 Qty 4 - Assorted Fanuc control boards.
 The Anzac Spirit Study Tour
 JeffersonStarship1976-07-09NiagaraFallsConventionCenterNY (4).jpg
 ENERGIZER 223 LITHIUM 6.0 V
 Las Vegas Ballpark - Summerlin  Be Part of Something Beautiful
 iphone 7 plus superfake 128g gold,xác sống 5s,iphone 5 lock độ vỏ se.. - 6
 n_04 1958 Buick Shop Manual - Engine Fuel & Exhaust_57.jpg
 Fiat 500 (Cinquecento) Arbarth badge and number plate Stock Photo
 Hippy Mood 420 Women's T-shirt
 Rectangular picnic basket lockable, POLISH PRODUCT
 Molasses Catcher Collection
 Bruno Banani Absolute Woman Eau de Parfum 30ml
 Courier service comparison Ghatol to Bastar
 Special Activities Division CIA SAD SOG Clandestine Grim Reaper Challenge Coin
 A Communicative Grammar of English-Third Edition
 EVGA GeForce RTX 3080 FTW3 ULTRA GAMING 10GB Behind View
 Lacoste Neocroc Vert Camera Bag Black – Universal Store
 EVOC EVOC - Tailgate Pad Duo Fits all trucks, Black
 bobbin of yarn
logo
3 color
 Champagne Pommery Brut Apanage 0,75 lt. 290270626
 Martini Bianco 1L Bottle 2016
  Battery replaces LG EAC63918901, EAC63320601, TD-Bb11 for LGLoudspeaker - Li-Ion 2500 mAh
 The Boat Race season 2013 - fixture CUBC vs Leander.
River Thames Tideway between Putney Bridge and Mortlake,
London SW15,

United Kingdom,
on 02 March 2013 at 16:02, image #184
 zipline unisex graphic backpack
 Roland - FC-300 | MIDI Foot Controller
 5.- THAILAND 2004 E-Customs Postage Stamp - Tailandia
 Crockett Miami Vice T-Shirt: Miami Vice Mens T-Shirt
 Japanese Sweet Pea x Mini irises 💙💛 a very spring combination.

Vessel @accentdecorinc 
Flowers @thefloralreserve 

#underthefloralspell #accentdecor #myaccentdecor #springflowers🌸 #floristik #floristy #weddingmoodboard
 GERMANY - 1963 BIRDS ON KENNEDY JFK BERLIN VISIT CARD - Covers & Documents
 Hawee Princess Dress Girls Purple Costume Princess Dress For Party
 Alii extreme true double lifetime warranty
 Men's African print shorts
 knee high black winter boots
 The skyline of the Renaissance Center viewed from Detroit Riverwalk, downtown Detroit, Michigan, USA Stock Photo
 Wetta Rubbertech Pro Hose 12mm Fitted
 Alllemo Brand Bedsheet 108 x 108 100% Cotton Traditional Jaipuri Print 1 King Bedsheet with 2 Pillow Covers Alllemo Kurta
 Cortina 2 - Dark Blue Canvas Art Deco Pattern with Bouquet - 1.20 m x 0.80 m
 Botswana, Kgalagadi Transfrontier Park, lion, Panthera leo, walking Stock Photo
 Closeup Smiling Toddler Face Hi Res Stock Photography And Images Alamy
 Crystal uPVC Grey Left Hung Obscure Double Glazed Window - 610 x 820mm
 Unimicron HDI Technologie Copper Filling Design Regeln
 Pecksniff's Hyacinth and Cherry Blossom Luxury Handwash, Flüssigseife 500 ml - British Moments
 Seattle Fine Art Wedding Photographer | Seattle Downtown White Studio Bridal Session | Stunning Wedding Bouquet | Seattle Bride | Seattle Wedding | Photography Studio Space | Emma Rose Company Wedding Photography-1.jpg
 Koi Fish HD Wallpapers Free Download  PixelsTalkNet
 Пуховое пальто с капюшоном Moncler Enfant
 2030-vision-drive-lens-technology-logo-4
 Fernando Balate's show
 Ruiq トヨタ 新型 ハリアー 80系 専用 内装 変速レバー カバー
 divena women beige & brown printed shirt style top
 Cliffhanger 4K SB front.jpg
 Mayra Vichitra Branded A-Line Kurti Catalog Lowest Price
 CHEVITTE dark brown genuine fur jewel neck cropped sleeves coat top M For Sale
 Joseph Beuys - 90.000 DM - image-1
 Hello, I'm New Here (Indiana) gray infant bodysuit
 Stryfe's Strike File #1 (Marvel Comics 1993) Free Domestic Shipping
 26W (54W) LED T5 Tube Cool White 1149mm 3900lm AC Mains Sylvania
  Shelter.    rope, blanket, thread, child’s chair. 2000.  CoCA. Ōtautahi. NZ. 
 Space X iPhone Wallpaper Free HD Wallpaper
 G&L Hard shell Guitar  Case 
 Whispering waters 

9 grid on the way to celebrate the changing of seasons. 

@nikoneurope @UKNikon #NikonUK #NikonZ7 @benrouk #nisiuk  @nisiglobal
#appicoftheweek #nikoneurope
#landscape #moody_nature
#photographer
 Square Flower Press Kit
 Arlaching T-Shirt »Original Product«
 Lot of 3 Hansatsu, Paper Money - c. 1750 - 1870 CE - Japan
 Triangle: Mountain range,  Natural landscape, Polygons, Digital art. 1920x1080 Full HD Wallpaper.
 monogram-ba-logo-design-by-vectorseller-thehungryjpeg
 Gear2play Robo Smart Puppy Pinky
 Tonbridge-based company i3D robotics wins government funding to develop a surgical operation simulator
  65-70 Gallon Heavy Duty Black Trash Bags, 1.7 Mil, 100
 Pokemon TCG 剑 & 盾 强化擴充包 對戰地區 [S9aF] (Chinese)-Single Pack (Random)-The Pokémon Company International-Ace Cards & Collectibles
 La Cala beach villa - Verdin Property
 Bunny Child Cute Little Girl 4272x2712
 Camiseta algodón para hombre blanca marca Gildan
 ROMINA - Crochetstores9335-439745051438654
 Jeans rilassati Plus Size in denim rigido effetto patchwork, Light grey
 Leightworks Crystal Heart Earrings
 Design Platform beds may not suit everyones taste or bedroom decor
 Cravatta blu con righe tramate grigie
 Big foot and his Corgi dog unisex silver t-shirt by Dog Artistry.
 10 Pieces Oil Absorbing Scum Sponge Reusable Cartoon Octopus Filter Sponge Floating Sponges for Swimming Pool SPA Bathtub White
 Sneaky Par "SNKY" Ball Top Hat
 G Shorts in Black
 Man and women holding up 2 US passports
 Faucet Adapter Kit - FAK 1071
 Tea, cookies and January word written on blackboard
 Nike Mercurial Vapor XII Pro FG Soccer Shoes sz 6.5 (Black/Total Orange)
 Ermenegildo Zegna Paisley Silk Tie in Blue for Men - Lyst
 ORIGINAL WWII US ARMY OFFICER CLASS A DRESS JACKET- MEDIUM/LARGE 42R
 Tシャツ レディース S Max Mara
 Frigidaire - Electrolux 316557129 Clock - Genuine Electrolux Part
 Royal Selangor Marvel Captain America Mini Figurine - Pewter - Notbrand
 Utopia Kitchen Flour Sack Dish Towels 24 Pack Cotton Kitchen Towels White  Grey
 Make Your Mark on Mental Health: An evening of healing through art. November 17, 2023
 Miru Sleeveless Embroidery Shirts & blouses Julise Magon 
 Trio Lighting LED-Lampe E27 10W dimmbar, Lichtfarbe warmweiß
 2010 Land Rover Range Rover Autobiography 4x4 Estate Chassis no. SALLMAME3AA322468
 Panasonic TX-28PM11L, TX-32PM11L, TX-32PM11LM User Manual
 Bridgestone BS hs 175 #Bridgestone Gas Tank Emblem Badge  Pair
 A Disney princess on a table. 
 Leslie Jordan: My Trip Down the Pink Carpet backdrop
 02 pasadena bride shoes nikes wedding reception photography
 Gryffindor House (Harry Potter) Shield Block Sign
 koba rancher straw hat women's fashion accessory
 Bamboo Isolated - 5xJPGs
_ _ _ _
**Your task:**
Select and copy each line from the data that includes the word "with".

**Reply:**
 Alllemo Brand Bedsheet 108 x 108 100% Cotton Traditional Jaipuri Print 1 King Bedsheet with 2 Pillow Covers Alllemo Kurta
 Cortina 2 - Dark Blue Canvas Art Deco Pattern with Bouquet - 1.20 m x 0.80 m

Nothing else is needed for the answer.